[Data shown]

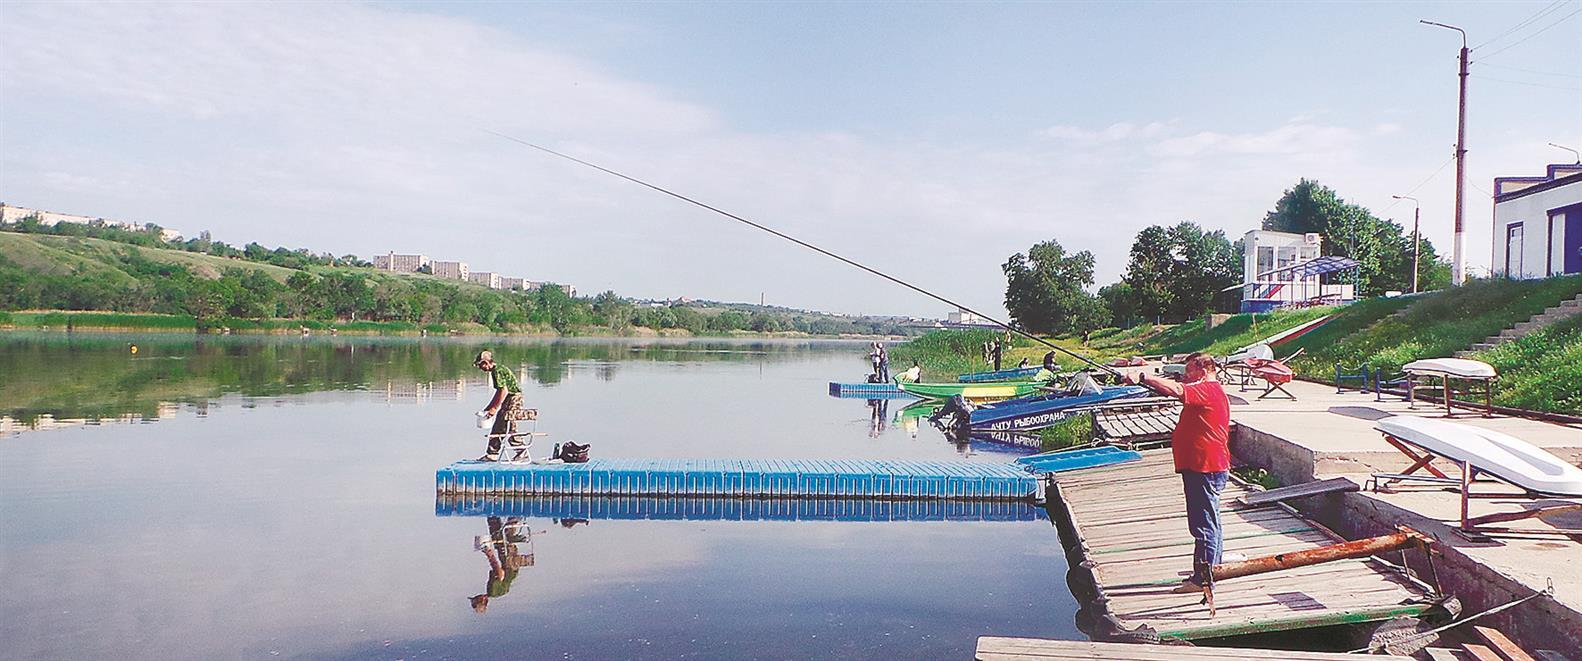 Коксовское сельское поселение заняло первое место в рыбной ловле
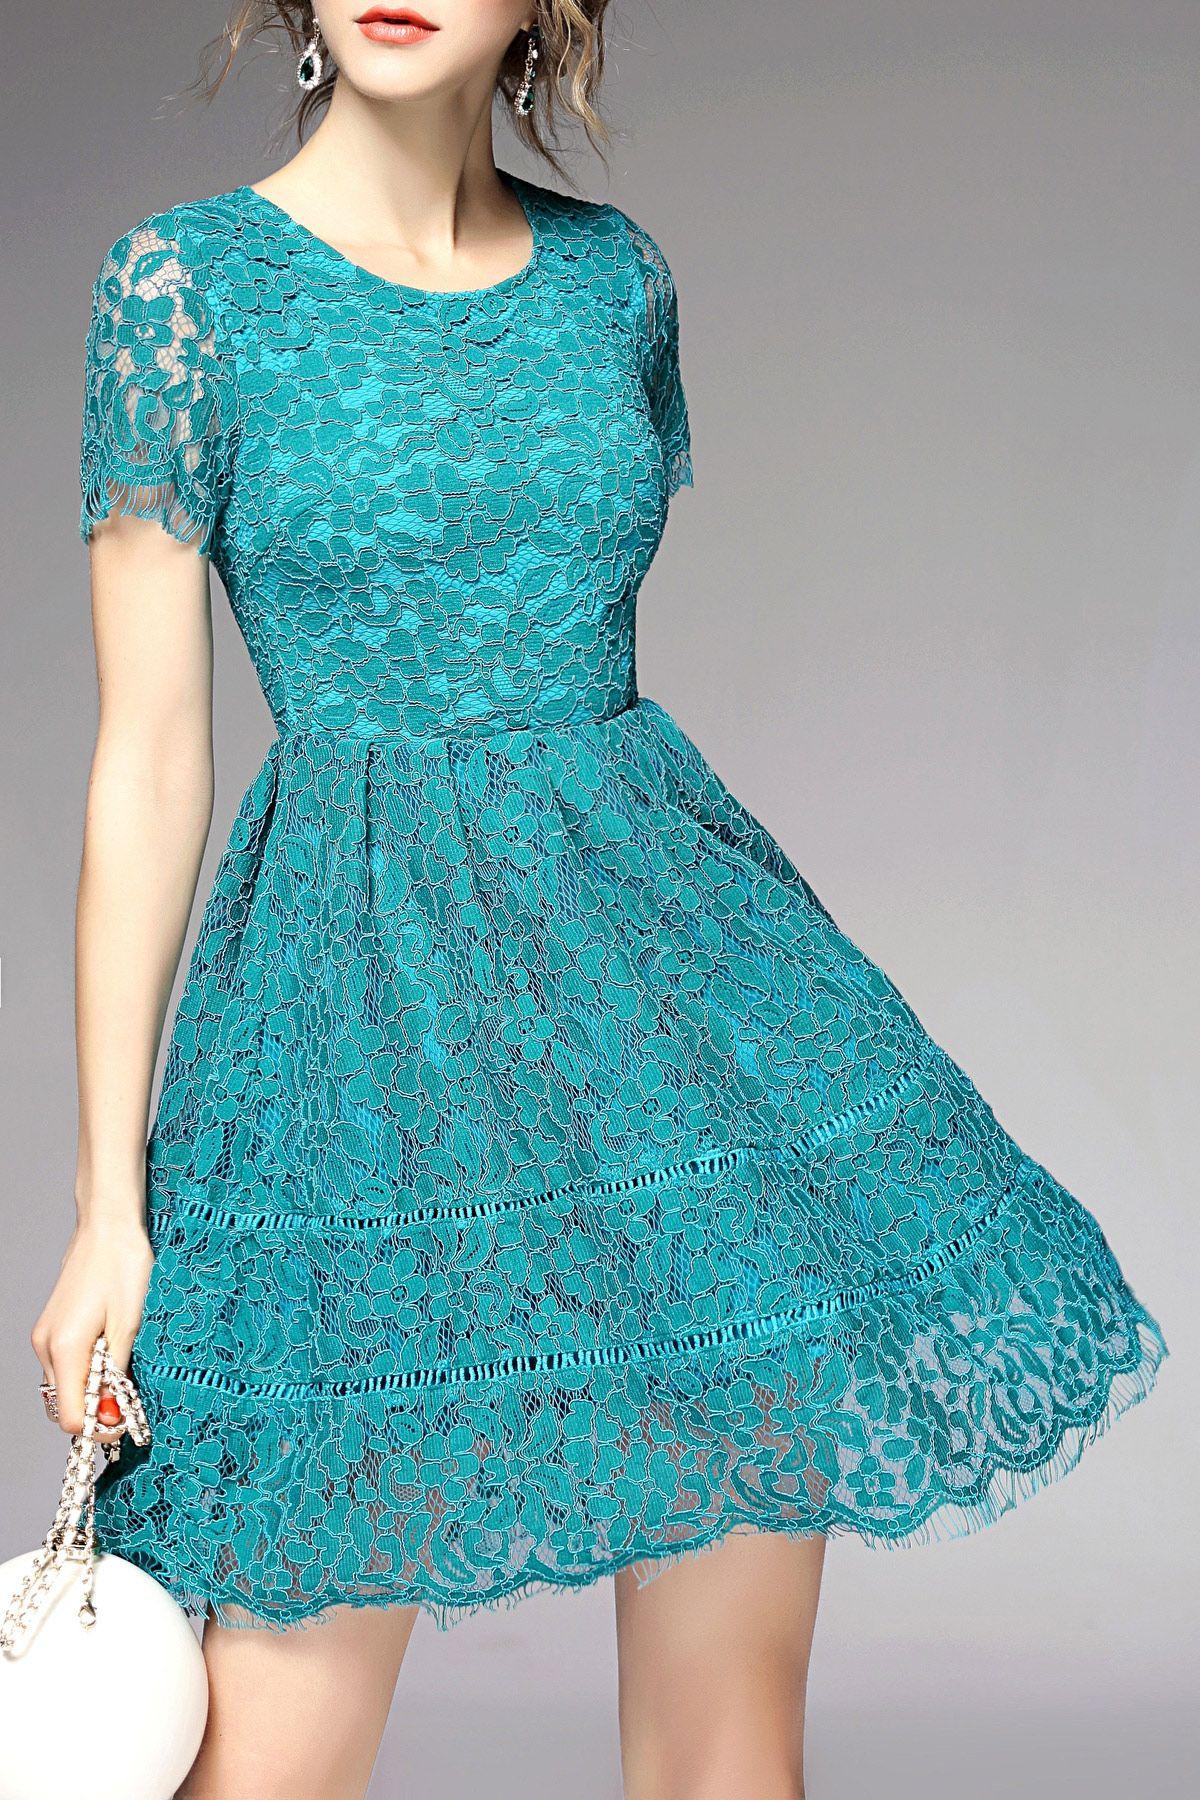 lake blue lace dress | Tattoos & Fashion | Pinterest | Lace dress ...
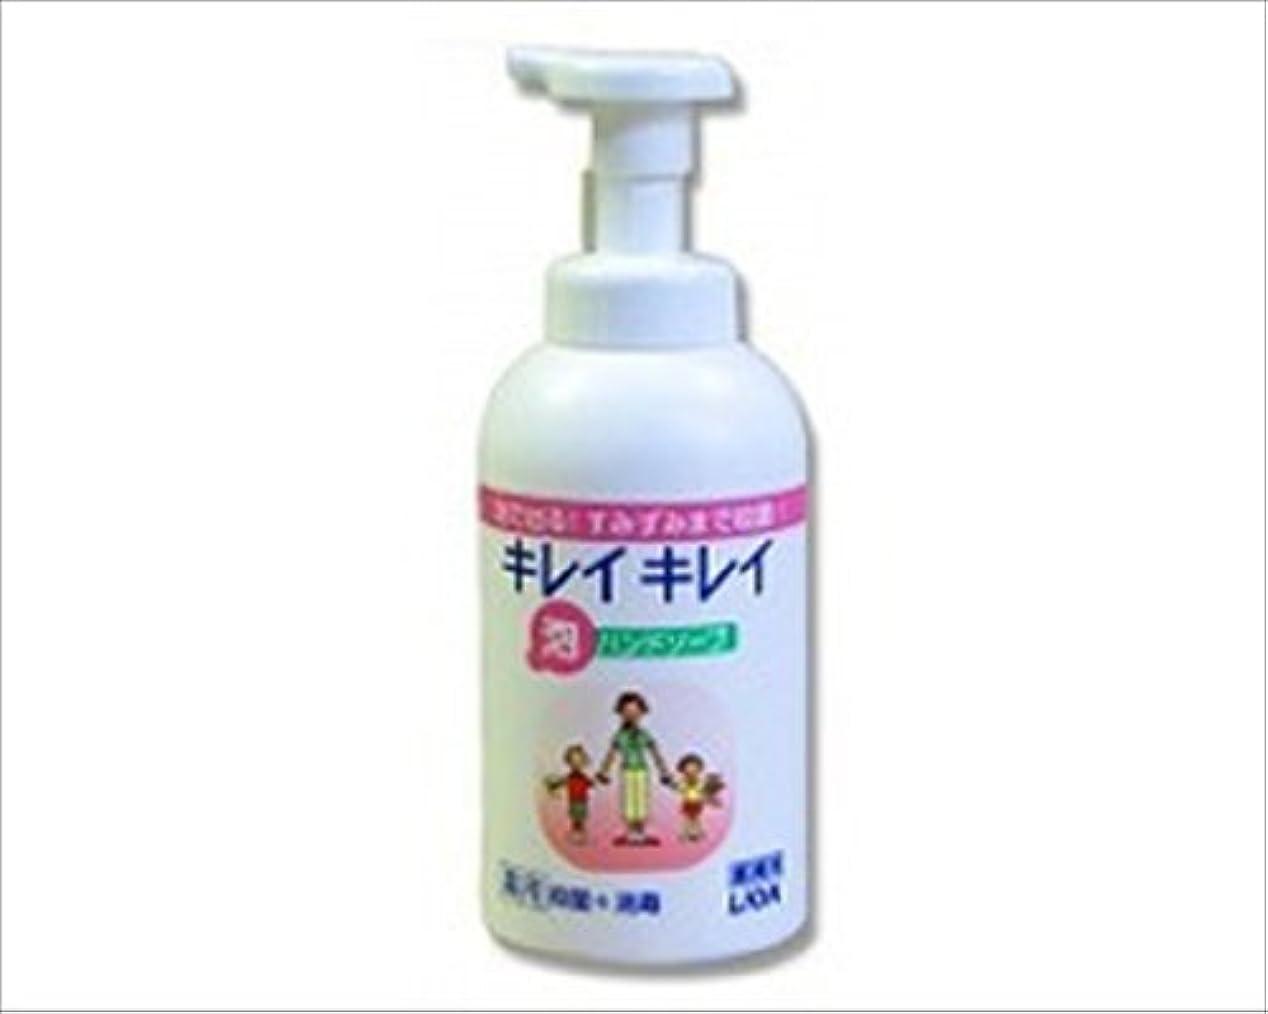 軽食政令疼痛ライオン キレイキレイ薬用泡ハンドソープ/ 550mL 大型ポンプ本体

[/Data shown]

▶ Exercise details: Would you return the data exactly as written, without the pictures?

▶ Output of the exercise:
 Коксовское сельское поселение заняло первое место в рыбной ловле
 lake blue lace dress | Tattoos & Fashion | Pinterest | Lace dress ...
 軽食政令疼痛ライオン キレイキレイ薬用泡ハンドソープ/ 550mL 大型ポンプ本体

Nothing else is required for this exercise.